Records to use
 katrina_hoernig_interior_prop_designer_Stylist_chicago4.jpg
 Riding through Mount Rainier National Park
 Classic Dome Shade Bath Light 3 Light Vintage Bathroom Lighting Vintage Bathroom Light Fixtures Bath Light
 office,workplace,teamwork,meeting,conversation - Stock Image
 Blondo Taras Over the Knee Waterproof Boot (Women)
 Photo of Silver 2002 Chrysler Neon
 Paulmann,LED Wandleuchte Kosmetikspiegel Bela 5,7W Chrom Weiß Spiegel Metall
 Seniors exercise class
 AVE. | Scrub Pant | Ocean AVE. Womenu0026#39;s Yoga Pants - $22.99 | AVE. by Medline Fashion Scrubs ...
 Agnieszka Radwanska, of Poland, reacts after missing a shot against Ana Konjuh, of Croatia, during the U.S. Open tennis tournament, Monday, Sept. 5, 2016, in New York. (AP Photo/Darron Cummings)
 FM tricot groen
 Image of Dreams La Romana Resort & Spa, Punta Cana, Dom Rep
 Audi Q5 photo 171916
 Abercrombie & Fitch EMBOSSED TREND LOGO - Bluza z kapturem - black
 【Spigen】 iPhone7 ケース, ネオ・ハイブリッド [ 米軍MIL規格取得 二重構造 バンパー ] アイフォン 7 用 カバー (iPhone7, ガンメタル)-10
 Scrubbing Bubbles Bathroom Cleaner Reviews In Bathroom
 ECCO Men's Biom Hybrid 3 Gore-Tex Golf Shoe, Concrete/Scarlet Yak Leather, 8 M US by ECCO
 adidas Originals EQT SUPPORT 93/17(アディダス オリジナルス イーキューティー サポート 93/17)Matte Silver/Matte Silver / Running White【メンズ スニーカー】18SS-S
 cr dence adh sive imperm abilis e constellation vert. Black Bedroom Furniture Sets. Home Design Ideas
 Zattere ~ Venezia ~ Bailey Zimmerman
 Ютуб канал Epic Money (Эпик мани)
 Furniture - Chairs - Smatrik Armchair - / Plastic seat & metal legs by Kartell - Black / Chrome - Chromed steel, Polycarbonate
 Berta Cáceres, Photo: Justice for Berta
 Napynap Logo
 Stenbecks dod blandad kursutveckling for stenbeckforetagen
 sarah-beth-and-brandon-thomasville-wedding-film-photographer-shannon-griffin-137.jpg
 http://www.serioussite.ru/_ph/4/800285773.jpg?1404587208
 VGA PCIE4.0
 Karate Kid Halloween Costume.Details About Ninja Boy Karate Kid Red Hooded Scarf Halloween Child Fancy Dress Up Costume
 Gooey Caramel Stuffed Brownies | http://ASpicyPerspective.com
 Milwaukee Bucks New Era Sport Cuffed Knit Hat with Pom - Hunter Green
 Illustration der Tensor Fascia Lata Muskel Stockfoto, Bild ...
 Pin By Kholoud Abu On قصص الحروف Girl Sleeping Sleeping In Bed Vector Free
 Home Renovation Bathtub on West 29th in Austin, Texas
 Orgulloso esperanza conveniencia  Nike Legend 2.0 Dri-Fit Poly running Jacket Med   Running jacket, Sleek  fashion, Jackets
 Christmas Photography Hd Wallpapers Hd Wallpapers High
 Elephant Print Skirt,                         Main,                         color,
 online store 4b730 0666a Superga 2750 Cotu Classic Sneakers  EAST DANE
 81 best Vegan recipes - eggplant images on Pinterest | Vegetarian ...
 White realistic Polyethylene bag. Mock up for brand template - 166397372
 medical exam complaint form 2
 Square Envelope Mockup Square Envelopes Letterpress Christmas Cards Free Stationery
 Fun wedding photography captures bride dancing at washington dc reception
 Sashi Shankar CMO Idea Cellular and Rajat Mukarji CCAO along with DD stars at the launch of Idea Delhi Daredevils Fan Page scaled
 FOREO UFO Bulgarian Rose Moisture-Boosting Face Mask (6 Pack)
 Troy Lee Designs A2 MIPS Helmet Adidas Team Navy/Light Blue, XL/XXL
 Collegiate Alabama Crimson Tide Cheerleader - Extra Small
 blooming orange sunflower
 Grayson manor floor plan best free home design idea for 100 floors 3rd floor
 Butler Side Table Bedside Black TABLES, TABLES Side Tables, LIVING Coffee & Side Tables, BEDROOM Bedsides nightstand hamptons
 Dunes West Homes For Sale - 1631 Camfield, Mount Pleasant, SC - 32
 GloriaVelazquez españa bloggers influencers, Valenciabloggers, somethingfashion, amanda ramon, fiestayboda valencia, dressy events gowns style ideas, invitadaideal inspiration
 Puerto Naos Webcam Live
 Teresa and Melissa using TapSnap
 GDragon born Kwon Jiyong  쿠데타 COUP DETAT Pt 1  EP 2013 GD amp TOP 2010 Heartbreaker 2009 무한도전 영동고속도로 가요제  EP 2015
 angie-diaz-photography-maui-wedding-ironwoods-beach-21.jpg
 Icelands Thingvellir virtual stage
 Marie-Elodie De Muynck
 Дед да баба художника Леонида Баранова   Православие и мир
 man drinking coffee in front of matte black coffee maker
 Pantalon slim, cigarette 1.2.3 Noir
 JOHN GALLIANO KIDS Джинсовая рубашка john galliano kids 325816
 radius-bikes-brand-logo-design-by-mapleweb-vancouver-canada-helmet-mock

The task
Repeat the listing in its entirety, keeping each line as it is.

Answer box
 katrina_hoernig_interior_prop_designer_Stylist_chicago4.jpg
 Riding through Mount Rainier National Park
 Classic Dome Shade Bath Light 3 Light Vintage Bathroom Lighting Vintage Bathroom Light Fixtures Bath Light
 office,workplace,teamwork,meeting,conversation - Stock Image
 Blondo Taras Over the Knee Waterproof Boot (Women)
 Photo of Silver 2002 Chrysler Neon
 Paulmann,LED Wandleuchte Kosmetikspiegel Bela 5,7W Chrom Weiß Spiegel Metall
 Seniors exercise class
 AVE. | Scrub Pant | Ocean AVE. Womenu0026#39;s Yoga Pants - $22.99 | AVE. by Medline Fashion Scrubs ...
 Agnieszka Radwanska, of Poland, reacts after missing a shot against Ana Konjuh, of Croatia, during the U.S. Open tennis tournament, Monday, Sept. 5, 2016, in New York. (AP Photo/Darron Cummings)
 FM tricot groen
 Image of Dreams La Romana Resort & Spa, Punta Cana, Dom Rep
 Audi Q5 photo 171916
 Abercrombie & Fitch EMBOSSED TREND LOGO - Bluza z kapturem - black
 【Spigen】 iPhone7 ケース, ネオ・ハイブリッド [ 米軍MIL規格取得 二重構造 バンパー ] アイフォン 7 用 カバー (iPhone7, ガンメタル)-10
 Scrubbing Bubbles Bathroom Cleaner Reviews In Bathroom
 ECCO Men's Biom Hybrid 3 Gore-Tex Golf Shoe, Concrete/Scarlet Yak Leather, 8 M US by ECCO
 adidas Originals EQT SUPPORT 93/17(アディダス オリジナルス イーキューティー サポート 93/17)Matte Silver/Matte Silver / Running White【メンズ スニーカー】18SS-S
 cr dence adh sive imperm abilis e constellation vert. Black Bedroom Furniture Sets. Home Design Ideas
 Zattere ~ Venezia ~ Bailey Zimmerman
 Ютуб канал Epic Money (Эпик мани)
 Furniture - Chairs - Smatrik Armchair - / Plastic seat & metal legs by Kartell - Black / Chrome - Chromed steel, Polycarbonate
 Berta Cáceres, Photo: Justice for Berta
 Napynap Logo
 Stenbecks dod blandad kursutveckling for stenbeckforetagen
 sarah-beth-and-brandon-thomasville-wedding-film-photographer-shannon-griffin-137.jpg
 http://www.serioussite.ru/_ph/4/800285773.jpg?1404587208
 VGA PCIE4.0
 Karate Kid Halloween Costume.Details About Ninja Boy Karate Kid Red Hooded Scarf Halloween Child Fancy Dress Up Costume
 Gooey Caramel Stuffed Brownies | http://ASpicyPerspective.com
 Milwaukee Bucks New Era Sport Cuffed Knit Hat with Pom - Hunter Green
 Illustration der Tensor Fascia Lata Muskel Stockfoto, Bild ...
 Pin By Kholoud Abu On قصص الحروف Girl Sleeping Sleeping In Bed Vector Free
 Home Renovation Bathtub on West 29th in Austin, Texas
 Orgulloso esperanza conveniencia  Nike Legend 2.0 Dri-Fit Poly running Jacket Med   Running jacket, Sleek  fashion, Jackets
 Christmas Photography Hd Wallpapers Hd Wallpapers High
 Elephant Print Skirt,                         Main,                         color,
 online store 4b730 0666a Superga 2750 Cotu Classic Sneakers  EAST DANE
 81 best Vegan recipes - eggplant images on Pinterest | Vegetarian ...
 White realistic Polyethylene bag. Mock up for brand template - 166397372
 medical exam complaint form 2
 Square Envelope Mockup Square Envelopes Letterpress Christmas Cards Free Stationery
 Fun wedding photography captures bride dancing at washington dc reception
 Sashi Shankar CMO Idea Cellular and Rajat Mukarji CCAO along with DD stars at the launch of Idea Delhi Daredevils Fan Page scaled
 FOREO UFO Bulgarian Rose Moisture-Boosting Face Mask (6 Pack)
 Troy Lee Designs A2 MIPS Helmet Adidas Team Navy/Light Blue, XL/XXL
 Collegiate Alabama Crimson Tide Cheerleader - Extra Small
 blooming orange sunflower
 Grayson manor floor plan best free home design idea for 100 floors 3rd floor
 Butler Side Table Bedside Black TABLES, TABLES Side Tables, LIVING Coffee & Side Tables, BEDROOM Bedsides nightstand hamptons
 Dunes West Homes For Sale - 1631 Camfield, Mount Pleasant, SC - 32
 GloriaVelazquez españa bloggers influencers, Valenciabloggers, somethingfashion, amanda ramon, fiestayboda valencia, dressy events gowns style ideas, invitadaideal inspiration
 Puerto Naos Webcam Live
 Teresa and Melissa using TapSnap
 GDragon born Kwon Jiyong  쿠데타 COUP DETAT Pt 1  EP 2013 GD amp TOP 2010 Heartbreaker 2009 무한도전 영동고속도로 가요제  EP 2015
 angie-diaz-photography-maui-wedding-ironwoods-beach-21.jpg
 Icelands Thingvellir virtual stage
 Marie-Elodie De Muynck
 Дед да баба художника Леонида Баранова   Православие и мир
 man drinking coffee in front of matte black coffee maker
 Pantalon slim, cigarette 1.2.3 Noir
 JOHN GALLIANO KIDS Джинсовая рубашка john galliano kids 325816
 radius-bikes-brand-logo-design-by-mapleweb-vancouver-canada-helmet-mock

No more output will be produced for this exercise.